● **Your task**
Everything in the listing below should be repeated exactly, apart from the pictures.

● **Source material**
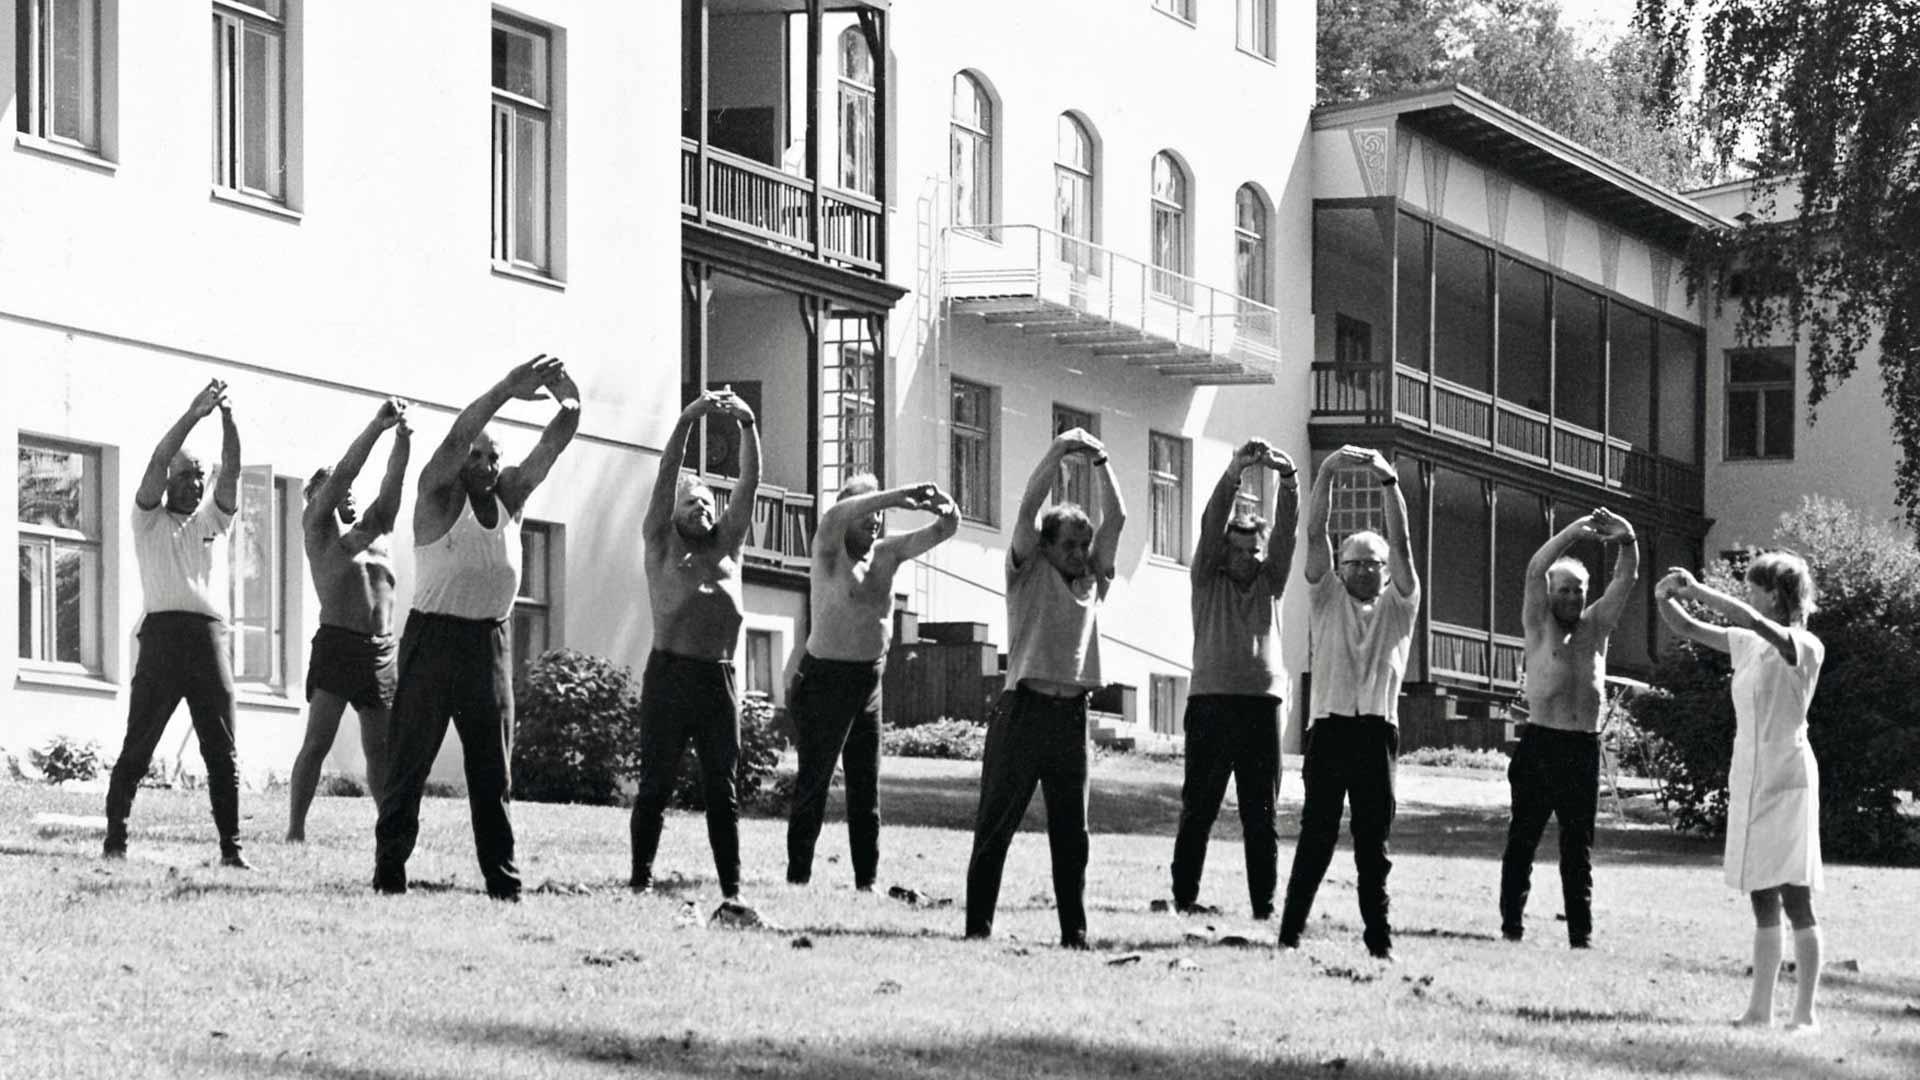 Säännöllinen liikunta kuului potilaiden ja kuntoutujien päivärytmiin.
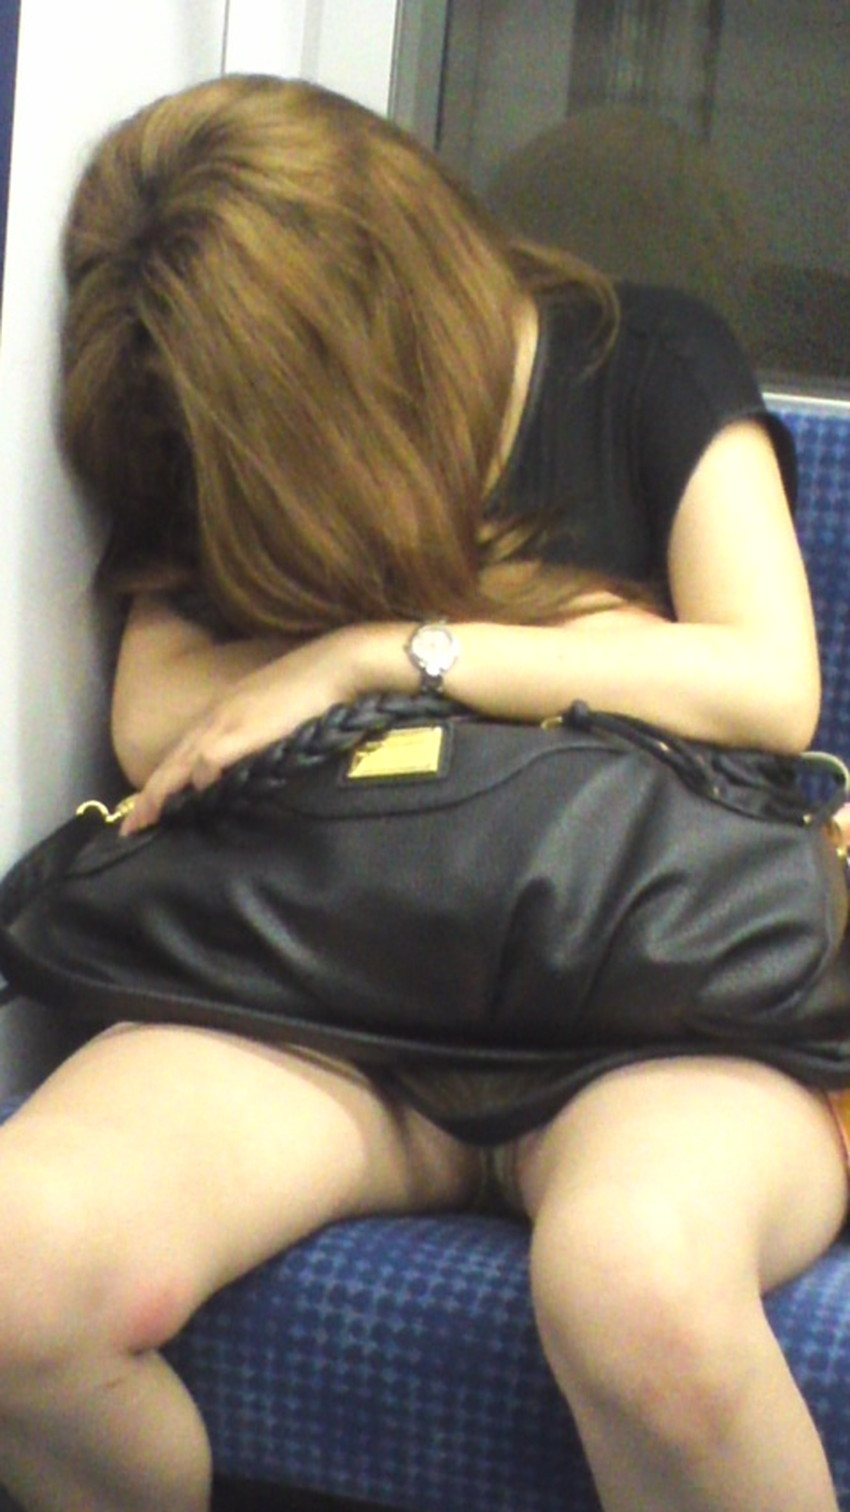 【居眠りパンチラエロ画像】居眠りOLが電車内でお股ユルユル!ww居眠り美女の無防備なパンチラを盗撮した居眠りパンチラのエロ画像集!ww【80枚】 31
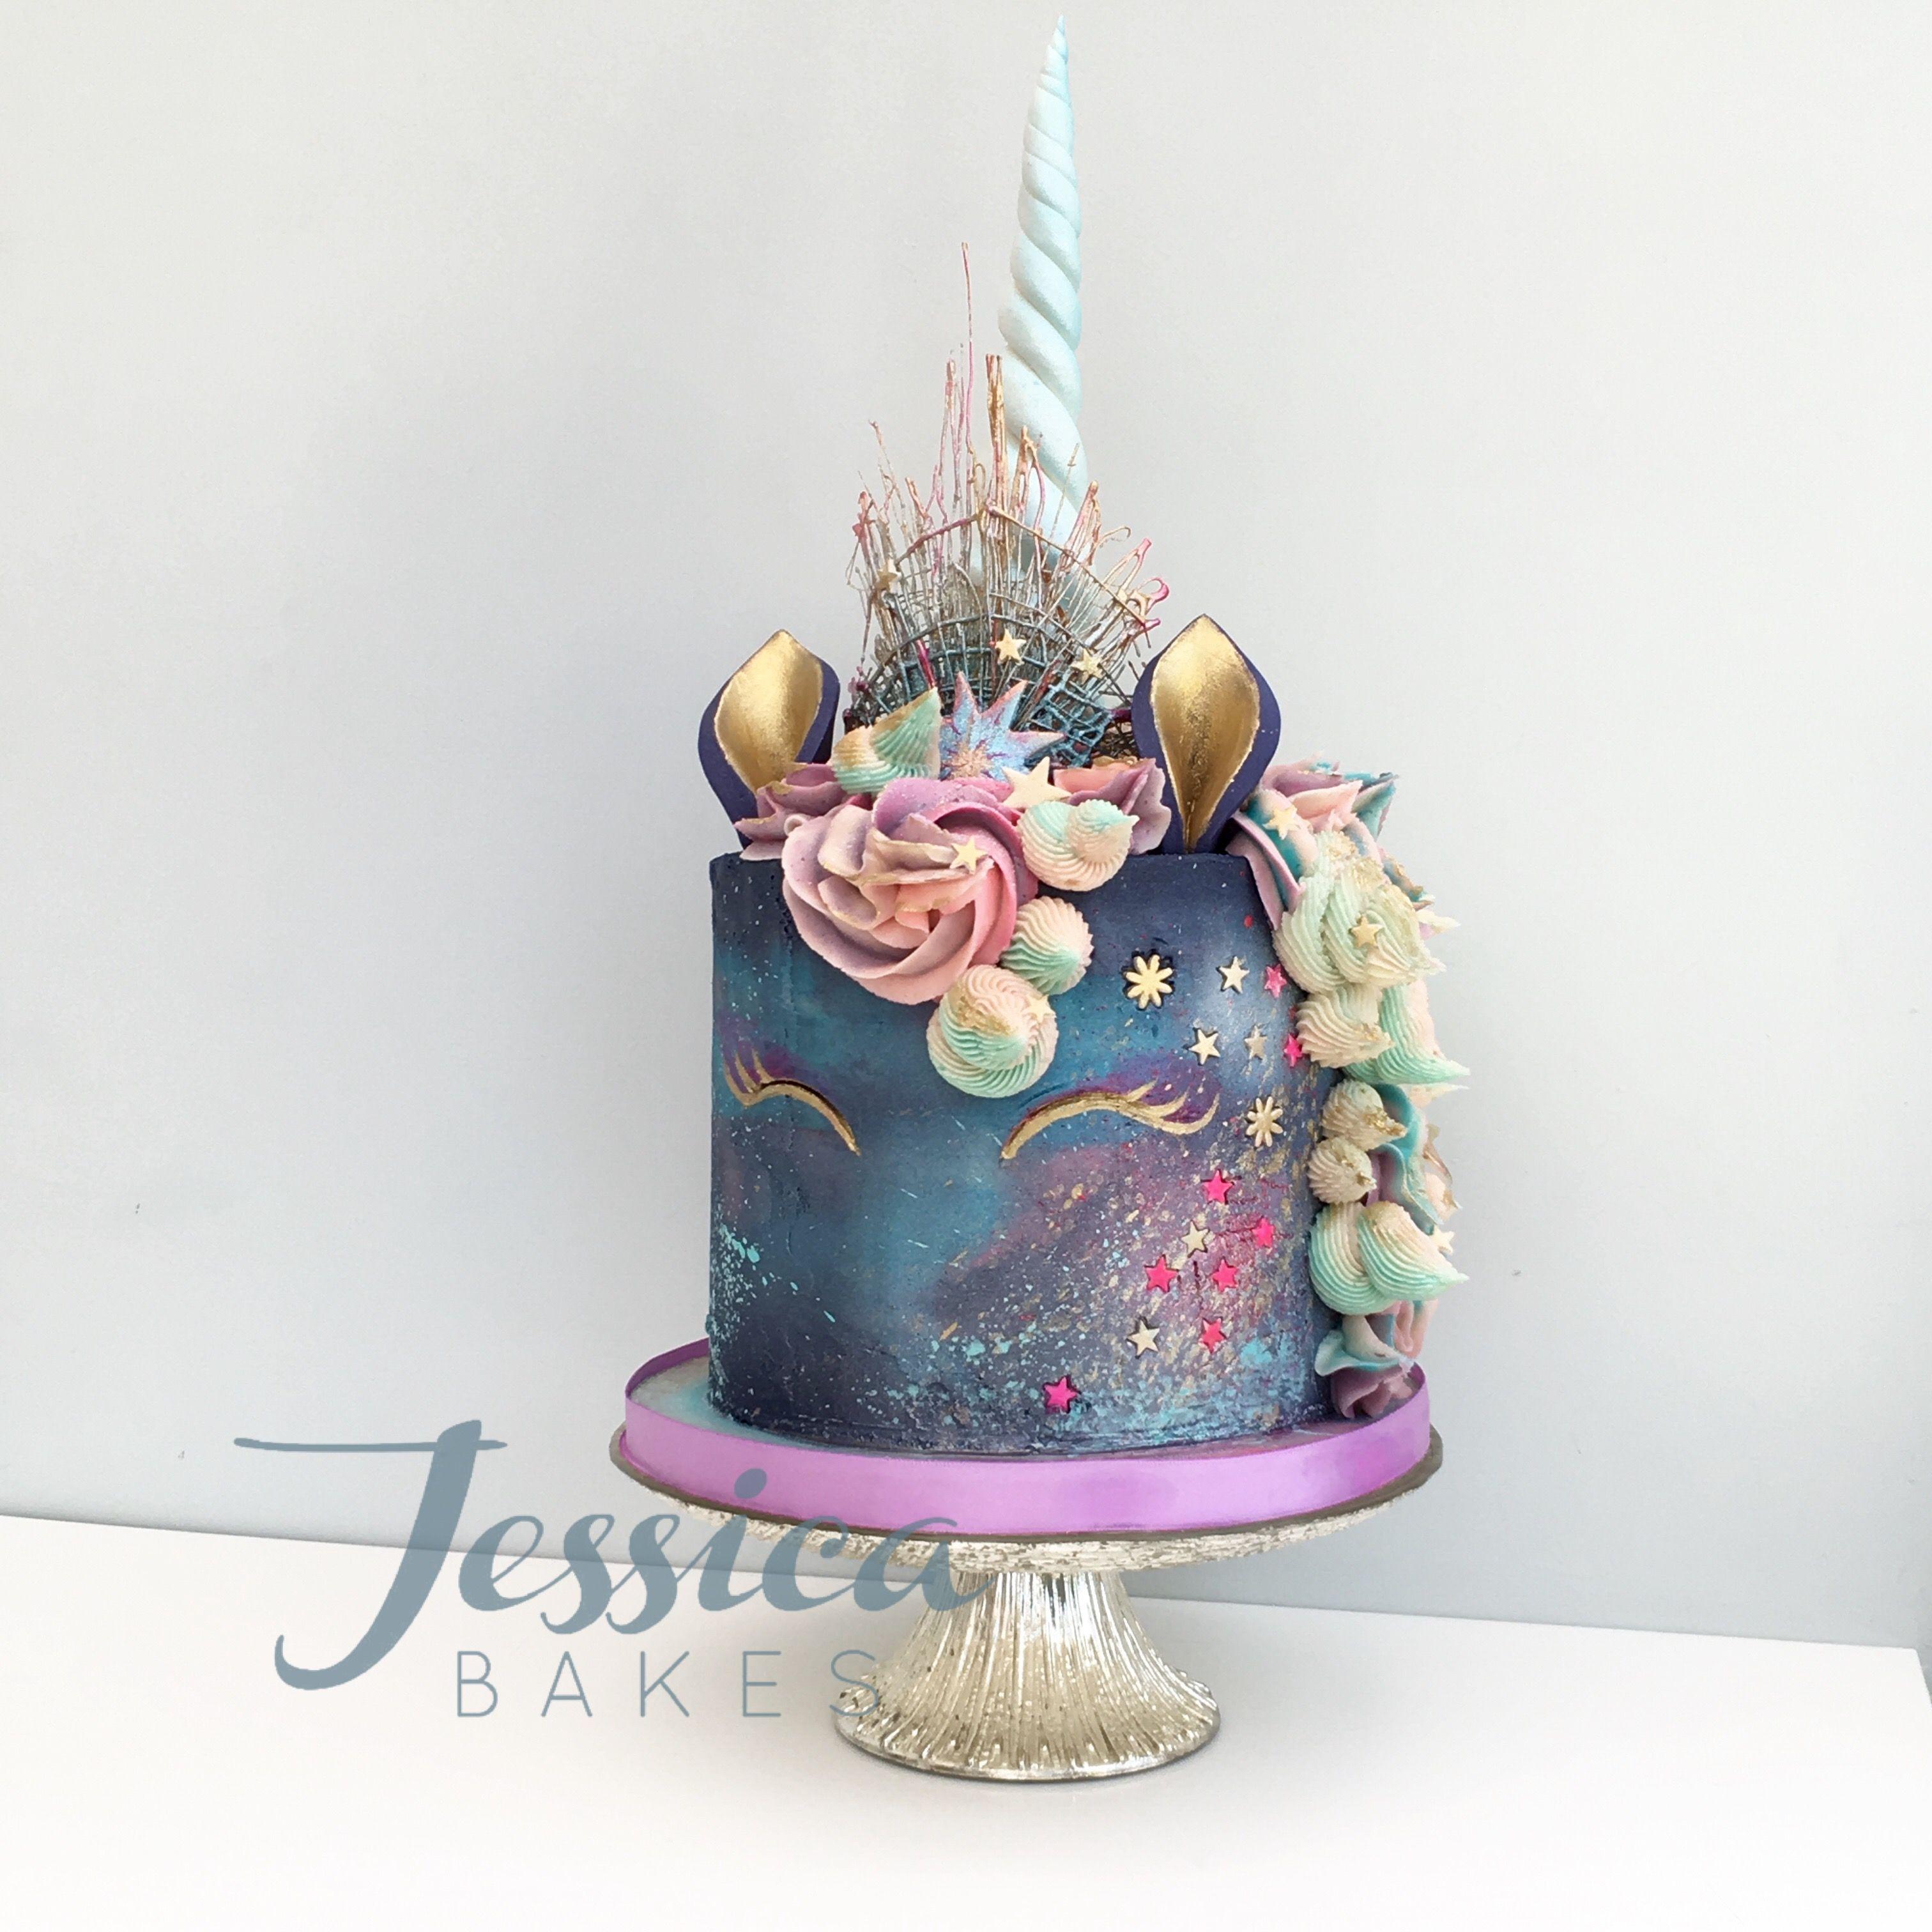 Galaxy Unicorn Cake By Jessica Bakes Based In Birmingham West Midlands UK Jessicabakescouk

● **Response below**
 Säännöllinen liikunta kuului potilaiden ja kuntoutujien päivärytmiin.
 【居眠りパンチラエロ画像】居眠りOLが電車内でお股ユルユル!ww居眠り美女の無防備なパンチラを盗撮した居眠りパンチラのエロ画像集!ww【80枚】 31
 Galaxy Unicorn Cake By Jessica Bakes Based In Birmingham West Midlands UK Jessicabakescouk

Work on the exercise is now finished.